YOGYAKARTA, KOMPAS
Pencanangan gerakan konservasi ini diawali dengan acara Kirab Budaya Konservasi 2013 di Dusun Tunggul Arum, Desa Wonokerto, Turi, Sleman, Selasa (8/1). Kirab menampilkan arakan warga dan kelompok kesenian berkostum buta (raksasa) dan hewan. Mereka masing-masing membawa bibit pohon.
Pukul 09.00, warga dengan berbagai macam kostum berjajar di sepanjang jalan Dusun Tunggul Arum. Tampak pula gunungan yang dirangkai dari ribuan salak.
Sekitar pukul 10.30, arak-arakan kirab mulai berjalan menuju perbatasan wilayah desa dengan Taman Nasional Gunung Merapi.

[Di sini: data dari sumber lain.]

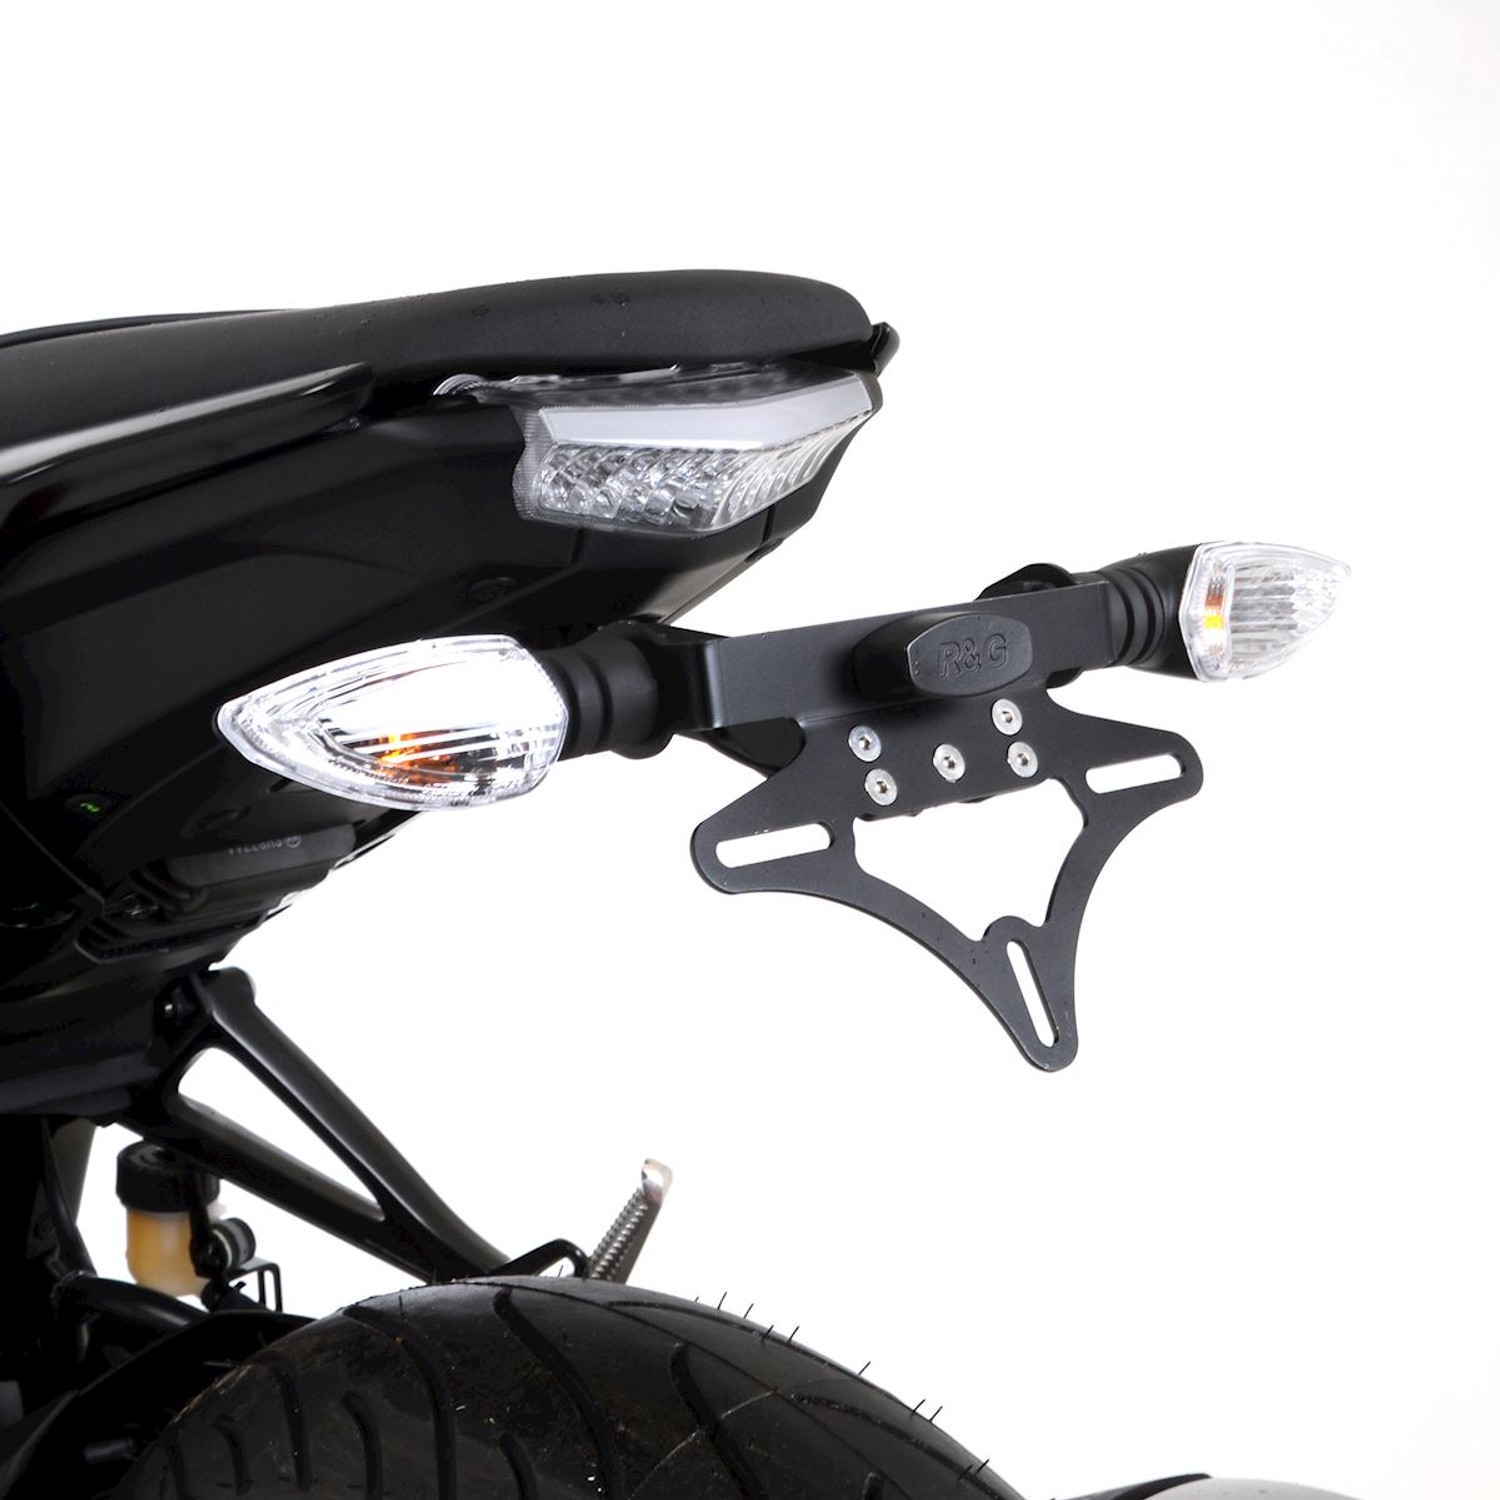 R&G Kennzeichenhalter Yamaha MT-125 Licence Plate Holder Tail Tidy

Saat melewati pinggir Kali Krasak, rombongan warga berkostum raksasa berhenti dan menanam bibit pohon.
Menurut Kepala Sekolah Desa Siaga Bencana (SDSB) Desa Wonokerto Tomon Haryo Wirosobo, pohon yang ditanam, antara lain, bambu, buah-buahan, mahoni, damar, dan cemara. ”Pohon-pohon bambu akan ditanam di sepanjang aliran lahar. Bambu bisa berfungsi sebagai alat peringatan dini erupsi karena saat terkena panas pohon ini akan meletus dan berbunyi keras,” ujarnya.
Pendamping SDSB dari Fakultas Kehutanan Universitas Gadjah Mada, Joko Supriyadi, mengatakan, lereng Merapi merupakan daerah tangkapan air. Karena itu, konservasi lingkungan menjadi kebutuhan mendesak. ”Gerakan ini perlu dihargai karena keterjagaan lingkungan lereng Merapi sangat berpengaruh kepada nasib warga Yogyakarta di bagian bawah. Cara efektif menjaga lingkungan lewat gerakan budaya,” ujarnya.